Nor did legal discrimination in Liberia’s ‘Bitter Canaan’ persist at level of the current Israeli occupation—neither in its bureaucratic intensity, population scale, or durability.  Americo-Liberian rule came to an abrupt end with a coup d’état in the 1980s after which many of the settler family dynasties in the True Whig Party—the Tolberts, Tubmans, Coopers, and McGills—relocated abroad. For these reasons, to compare Liberia and Israel as kindred examples of settler colonialism, a comparison made by Mahmoud Mamdani, Joseph Massad, and more recently Ralph Leonard, is like comparing a berry shriveled years ago to a calabash gourd still growing swollen on the vine. The berry and the gourd are both fruits; both Israel and Liberia were attempts by empires to solve domestic racism (the Jewish or Negro ‘Question’) through colonial export. Yet this analogy neglects the scale, type, and history of the projects.  

Moreover, the degree to which Liberia evolved under the peculiar philanthropic and colonization initiatives of the United States and Britain makes it a somewhat anomalous representative of pan-Africanist tradition. There is so much more to Pan-Africanism. For instance, a current of anti-imperialist defiance pervades much of pan-Africanist heritage, which the Atlantic powers tended to suppress. This posture is acute in the fiery speeches of Thomas Sankara, the poetry of Léopold Sédar Senghor and the Négritude movement, the life of Julius Nyerere or Malcom X. Likewise, the West’s attitude toward pan-Africanists and Black Power movements is generally history of repression; American and Belgian spies helped Mobutu assassinate Patrice Lumumba in the Congo. The CIA frustrated Kwame Nkrumah’s grand designs for Ghana. Domestically, Steve Biko in South Africa and the Black Panthers in the US were ruthlessly persecuted by the police and so on. 
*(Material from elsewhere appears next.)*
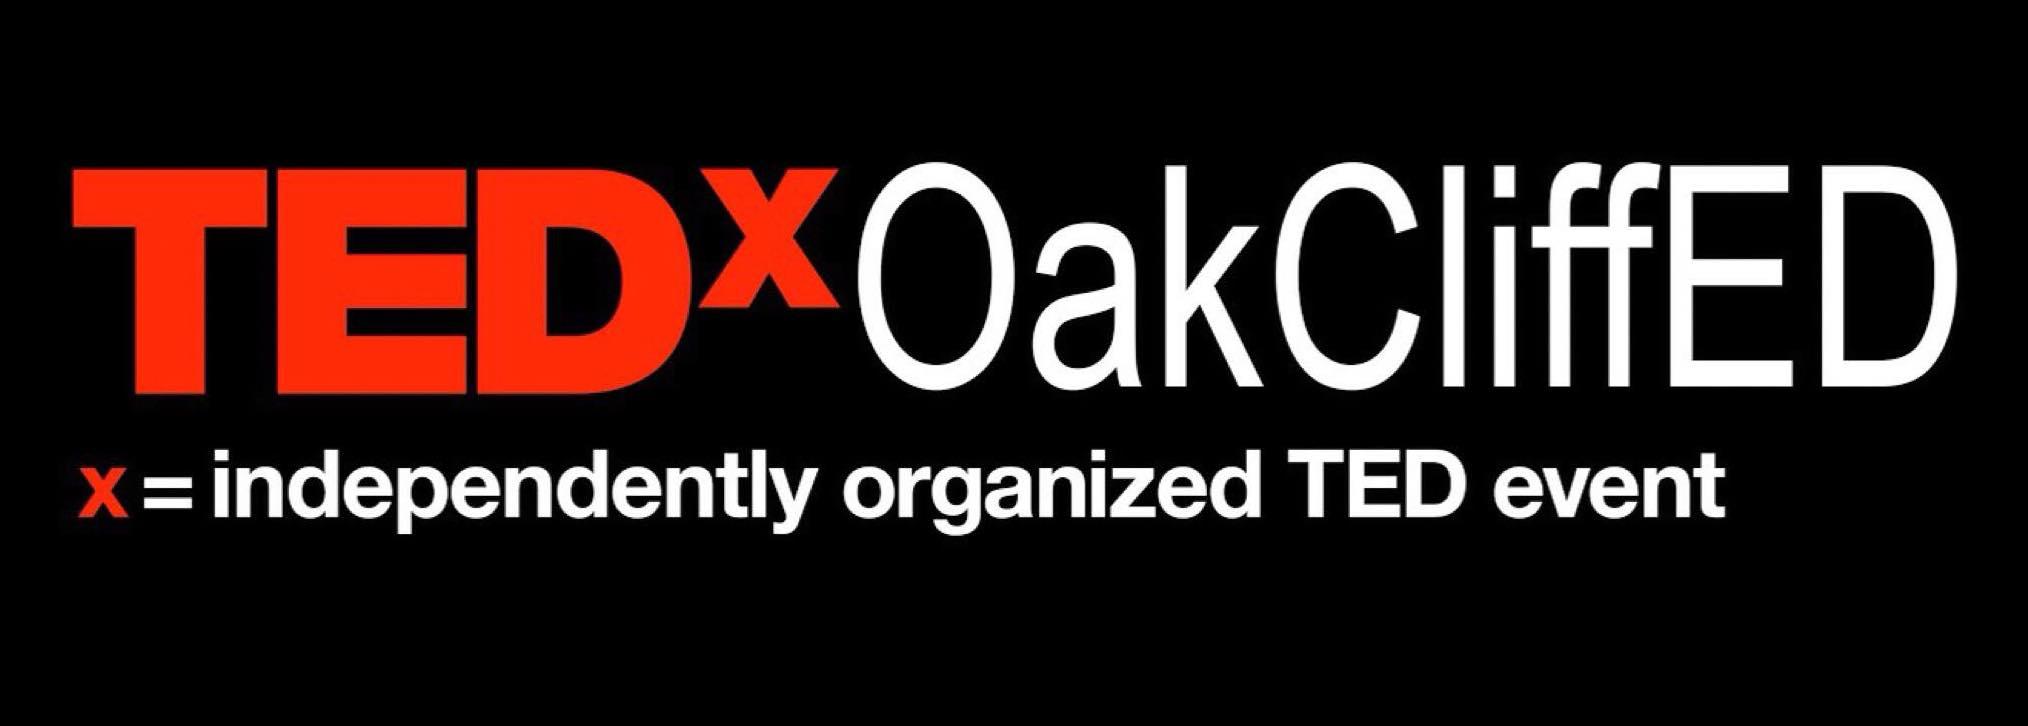 TEDx Oak CliffED.jpg

Zionists by contrast, tended to attach themselves to the protection and beneficence of a great power: the Ottomans first, then the British, and now the United States. The only episode where Zionist plausibly came into open confrontation with imperial authorities occurred during the waning years of the British Mandate in the 1940s, when Zionist militias such as the Irgun and Haganah attempted to sabotage British assets and defy British restraints on Jewish emigration out of fascist Europe. This era, now much mythologized, was the exception to the rule. Rarely do Zionist leaderships borrow from the anti-colonial undercurrents of pan-Africanist or Black radical tradition.  

Consider one decisive example, the Israeli Black Panthers, a movement which formed in 1971 among Mizrahi and Sephardic Jews to protest police brutality, urban neglect, and income inequality. Inspired by their Black American antecedent, the panthers renamed a Moroccan neighborhood of Jerusalem ‘Harlem’. They briefly contested in Israeli elections, winning less than one per cent of the vote. Their breakup is instructive. By the early 1980s, the right-wing Likud and Shas parties had easily appropriated the rhetoric and electoral base for working-class Mizrahi resentment. The panther leadership, deprived of a distinct platform, merged back into the Israeli left and human rights space. Kochavi Shemesh, for instance, folded what remained of the electoral manifestation of the Black Panthers into the Israeli communist party, Maki, which later became left-wing Hadash (now mostly represented by Palestinian citizens of Israel). Reuven Abergel went on to establish the Mizrahi Democratic Rainbow.  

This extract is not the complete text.